A verbatim reproduction of all the entries is needed.

[Start of Attachment]

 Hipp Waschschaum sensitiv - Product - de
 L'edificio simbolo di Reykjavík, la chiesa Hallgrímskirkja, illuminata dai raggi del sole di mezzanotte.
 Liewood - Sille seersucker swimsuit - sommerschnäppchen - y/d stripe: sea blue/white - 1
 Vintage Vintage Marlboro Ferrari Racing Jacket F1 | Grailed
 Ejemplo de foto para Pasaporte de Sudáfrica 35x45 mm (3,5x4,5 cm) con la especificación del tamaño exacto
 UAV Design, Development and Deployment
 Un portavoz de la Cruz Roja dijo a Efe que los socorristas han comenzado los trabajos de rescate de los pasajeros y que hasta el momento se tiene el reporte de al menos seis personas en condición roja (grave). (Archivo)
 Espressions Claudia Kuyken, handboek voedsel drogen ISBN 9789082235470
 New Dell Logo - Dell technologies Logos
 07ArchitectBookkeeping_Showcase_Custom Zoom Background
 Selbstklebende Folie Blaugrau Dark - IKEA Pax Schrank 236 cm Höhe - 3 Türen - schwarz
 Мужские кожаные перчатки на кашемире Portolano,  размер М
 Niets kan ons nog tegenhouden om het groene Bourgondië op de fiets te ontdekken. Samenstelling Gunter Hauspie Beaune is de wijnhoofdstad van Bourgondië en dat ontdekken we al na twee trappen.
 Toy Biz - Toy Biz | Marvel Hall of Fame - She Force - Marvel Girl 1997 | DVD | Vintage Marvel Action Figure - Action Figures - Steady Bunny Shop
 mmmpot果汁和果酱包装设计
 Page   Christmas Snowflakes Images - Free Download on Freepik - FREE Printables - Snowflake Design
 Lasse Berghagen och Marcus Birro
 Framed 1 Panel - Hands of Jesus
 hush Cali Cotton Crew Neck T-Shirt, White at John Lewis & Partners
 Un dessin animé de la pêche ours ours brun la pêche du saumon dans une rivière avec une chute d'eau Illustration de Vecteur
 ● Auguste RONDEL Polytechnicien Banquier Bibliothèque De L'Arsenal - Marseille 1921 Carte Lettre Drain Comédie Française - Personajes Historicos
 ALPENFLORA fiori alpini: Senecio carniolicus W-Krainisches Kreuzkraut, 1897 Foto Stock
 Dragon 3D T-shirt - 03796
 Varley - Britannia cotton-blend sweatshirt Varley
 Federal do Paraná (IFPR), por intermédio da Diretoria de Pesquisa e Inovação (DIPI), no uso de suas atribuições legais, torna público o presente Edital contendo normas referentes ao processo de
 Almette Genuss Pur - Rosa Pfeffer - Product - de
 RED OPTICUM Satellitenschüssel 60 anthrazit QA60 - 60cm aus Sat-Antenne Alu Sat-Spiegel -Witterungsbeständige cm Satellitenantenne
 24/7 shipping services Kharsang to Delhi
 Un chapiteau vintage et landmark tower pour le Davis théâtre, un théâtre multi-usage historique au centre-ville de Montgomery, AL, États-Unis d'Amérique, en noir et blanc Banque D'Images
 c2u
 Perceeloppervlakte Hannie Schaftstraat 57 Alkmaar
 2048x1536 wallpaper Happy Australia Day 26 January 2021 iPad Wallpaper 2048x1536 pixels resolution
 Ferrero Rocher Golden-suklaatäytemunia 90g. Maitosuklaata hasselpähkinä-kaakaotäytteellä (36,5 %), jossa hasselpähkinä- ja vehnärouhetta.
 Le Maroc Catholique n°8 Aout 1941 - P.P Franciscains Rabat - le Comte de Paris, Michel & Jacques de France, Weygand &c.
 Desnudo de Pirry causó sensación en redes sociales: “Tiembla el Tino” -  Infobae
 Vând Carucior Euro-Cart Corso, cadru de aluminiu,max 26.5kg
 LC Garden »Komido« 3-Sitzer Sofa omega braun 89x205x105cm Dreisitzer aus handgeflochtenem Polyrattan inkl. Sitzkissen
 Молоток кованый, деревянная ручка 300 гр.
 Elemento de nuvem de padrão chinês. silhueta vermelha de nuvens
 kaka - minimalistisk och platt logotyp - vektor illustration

[End of Attachment]

Solution for this problem »
 Hipp Waschschaum sensitiv - Product - de
 L'edificio simbolo di Reykjavík, la chiesa Hallgrímskirkja, illuminata dai raggi del sole di mezzanotte.
 Liewood - Sille seersucker swimsuit - sommerschnäppchen - y/d stripe: sea blue/white - 1
 Vintage Vintage Marlboro Ferrari Racing Jacket F1 | Grailed
 Ejemplo de foto para Pasaporte de Sudáfrica 35x45 mm (3,5x4,5 cm) con la especificación del tamaño exacto
 UAV Design, Development and Deployment
 Un portavoz de la Cruz Roja dijo a Efe que los socorristas han comenzado los trabajos de rescate de los pasajeros y que hasta el momento se tiene el reporte de al menos seis personas en condición roja (grave). (Archivo)
 Espressions Claudia Kuyken, handboek voedsel drogen ISBN 9789082235470
 New Dell Logo - Dell technologies Logos
 07ArchitectBookkeeping_Showcase_Custom Zoom Background
 Selbstklebende Folie Blaugrau Dark - IKEA Pax Schrank 236 cm Höhe - 3 Türen - schwarz
 Мужские кожаные перчатки на кашемире Portolano,  размер М
 Niets kan ons nog tegenhouden om het groene Bourgondië op de fiets te ontdekken. Samenstelling Gunter Hauspie Beaune is de wijnhoofdstad van Bourgondië en dat ontdekken we al na twee trappen.
 Toy Biz - Toy Biz | Marvel Hall of Fame - She Force - Marvel Girl 1997 | DVD | Vintage Marvel Action Figure - Action Figures - Steady Bunny Shop
 mmmpot果汁和果酱包装设计
 Page   Christmas Snowflakes Images - Free Download on Freepik - FREE Printables - Snowflake Design
 Lasse Berghagen och Marcus Birro
 Framed 1 Panel - Hands of Jesus
 hush Cali Cotton Crew Neck T-Shirt, White at John Lewis & Partners
 Un dessin animé de la pêche ours ours brun la pêche du saumon dans une rivière avec une chute d'eau Illustration de Vecteur
 ● Auguste RONDEL Polytechnicien Banquier Bibliothèque De L'Arsenal - Marseille 1921 Carte Lettre Drain Comédie Française - Personajes Historicos
 ALPENFLORA fiori alpini: Senecio carniolicus W-Krainisches Kreuzkraut, 1897 Foto Stock
 Dragon 3D T-shirt - 03796
 Varley - Britannia cotton-blend sweatshirt Varley
 Federal do Paraná (IFPR), por intermédio da Diretoria de Pesquisa e Inovação (DIPI), no uso de suas atribuições legais, torna público o presente Edital contendo normas referentes ao processo de
 Almette Genuss Pur - Rosa Pfeffer - Product - de
 RED OPTICUM Satellitenschüssel 60 anthrazit QA60 - 60cm aus Sat-Antenne Alu Sat-Spiegel -Witterungsbeständige cm Satellitenantenne
 24/7 shipping services Kharsang to Delhi
 Un chapiteau vintage et landmark tower pour le Davis théâtre, un théâtre multi-usage historique au centre-ville de Montgomery, AL, États-Unis d'Amérique, en noir et blanc Banque D'Images
 c2u
 Perceeloppervlakte Hannie Schaftstraat 57 Alkmaar
 2048x1536 wallpaper Happy Australia Day 26 January 2021 iPad Wallpaper 2048x1536 pixels resolution
 Ferrero Rocher Golden-suklaatäytemunia 90g. Maitosuklaata hasselpähkinä-kaakaotäytteellä (36,5 %), jossa hasselpähkinä- ja vehnärouhetta.
 Le Maroc Catholique n°8 Aout 1941 - P.P Franciscains Rabat - le Comte de Paris, Michel & Jacques de France, Weygand &c.
 Desnudo de Pirry causó sensación en redes sociales: “Tiembla el Tino” -  Infobae
 Vând Carucior Euro-Cart Corso, cadru de aluminiu,max 26.5kg
 LC Garden »Komido« 3-Sitzer Sofa omega braun 89x205x105cm Dreisitzer aus handgeflochtenem Polyrattan inkl. Sitzkissen
 Молоток кованый, деревянная ручка 300 гр.
 Elemento de nuvem de padrão chinês. silhueta vermelha de nuvens
 kaka - minimalistisk och platt logotyp - vektor illustration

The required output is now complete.